0

I have huge file which compose like this:

This line is wrong, because the name after the code, for example: (20000000) NAME

where NAME does not recur in other line’s fragments (example 1):

;100000;(20000000) Face wash su Acai uogomis Ziaja Jagody Acai 200 ml, (26700000) Face rinse gel Avene 75 ml, (26000000) Face tonic Alcina Skin Manager AHA Effect 50 ml, (30000000) Moisturing face lotion Tony Moly The Chok Chok Green Tea 160 ml, (31000000) Cleansing micel water Jowae Micellar Cleansing Water 400 ml

This line is correct, because all names after codes goes the same (example 2):

;100001;(20000000) Face wash su Acai uogomis Ziaja Jagody Acai 200 ml, (20000000) Face wash su Acai uogomis Ziaja Jagody Acai 200 ml, (20000000) Face wash su Acai uogomis Ziaja Jagody Acai 200 ml, (20000000) Face wash su Acai uogomis Ziaja Jagody Acai 200 ml

All fragments on one line of file are separated by codes like this (888888888), after this code following 1-5 words name, which have been the same in all fragments.

Goal is find all lines, whit the same names.

I used for this purpose regexp (where "Face wash" is the NAME:

^;([0-9]{5,12};(\([0-9]{6,12}\).Face wash.*){1,20})$

but it’s was find all lines with name which are just in first fragment

I think wrong part of regexp is .*

How to change .* if I want to find lines with same name of fragments (like example 2), but not to find fragments with not same names (like example 1)

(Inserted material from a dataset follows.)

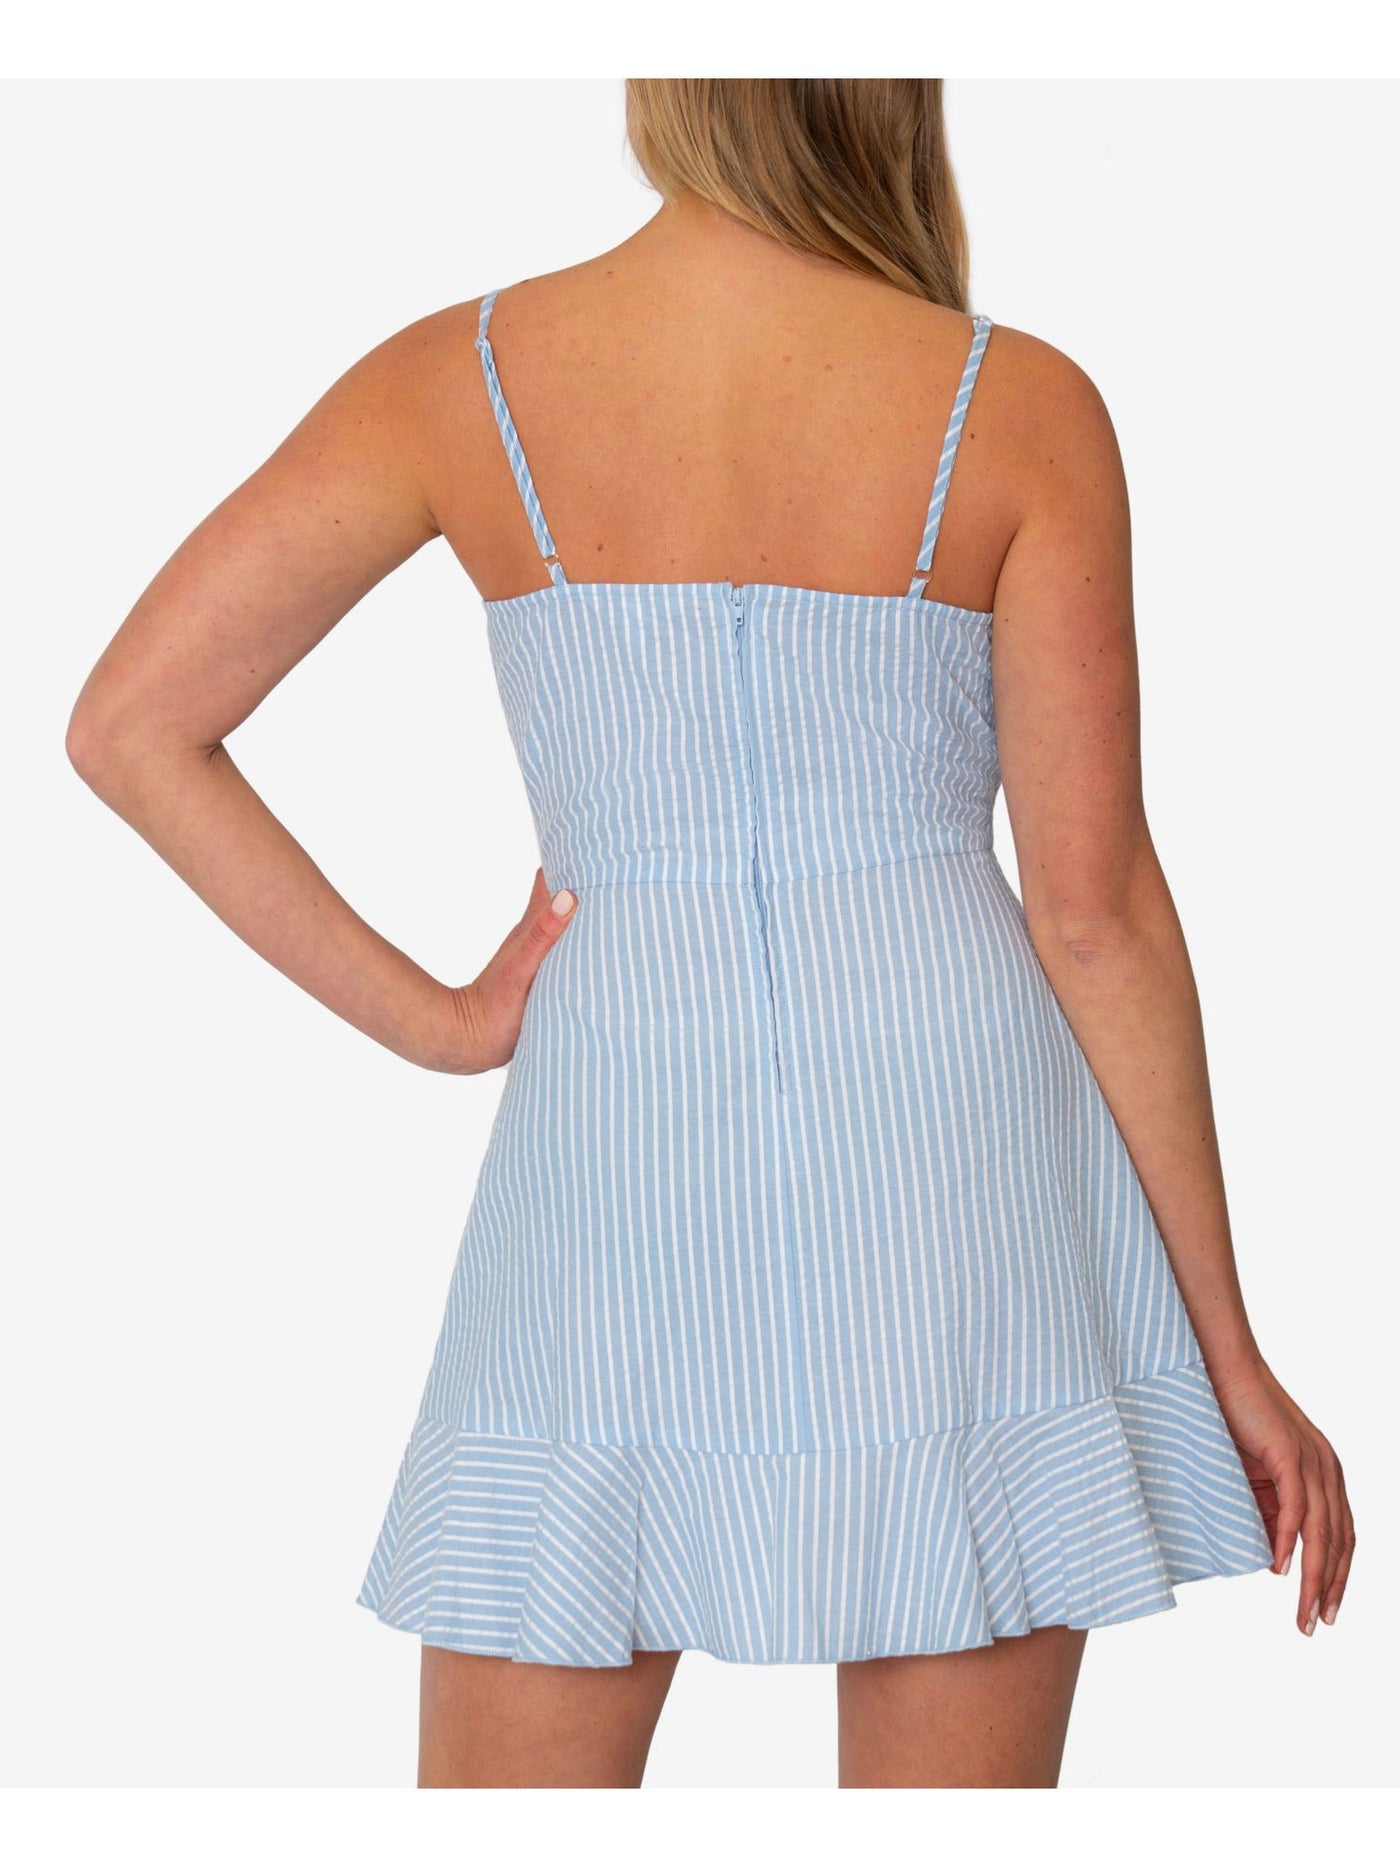 SPEECHLESS Womens Light Blue Ruffled Textured Zippered Striped Spaghetti Strap Surplice Neckline Mini Sheath Dress Juniors L

P.S. coma (,) is unreliable delimiter the only reliable delimiter is (35465468) number in brackets that is followed by NAME

  • This question is hard to understand. I would recommend changing it. It would be better if you posted 5-10 line of the file (as a block) and say you want lines (for example) 1, 3, 7, and 10 to be matched because...and explain the reasoning and then explain why lines 2, 4, 5, 6, 8, and 9 should not match. That would get suggestions on whether a regex solution is possible or if you need a programming language to loop through the file. – MDR Jul 12 '21 at 16:42
  • I don't think a regex and find/replace operation using just Kate is going to be possible. In any case you say you want to match the words after the code numbers. Since the items on the 'correct' line in your example all have the code '20000000' why can you not use the code number to check they are all the same? This would be better as if you are using the words after the code for a match and it's a large file how do you know if you need to match one word on one line and then several words on another after the code number? Sounds a little bit messy. – MDR Jul 12 '21 at 18:48

1 Answers1

0

Sorry for not clear question. I find solution:

^;[0-9]+;(\([0-9]+\)[0-9a-zA-Z,\/ ]*Face wash[0-9a-zA-Z,\/ ]*){1,24}$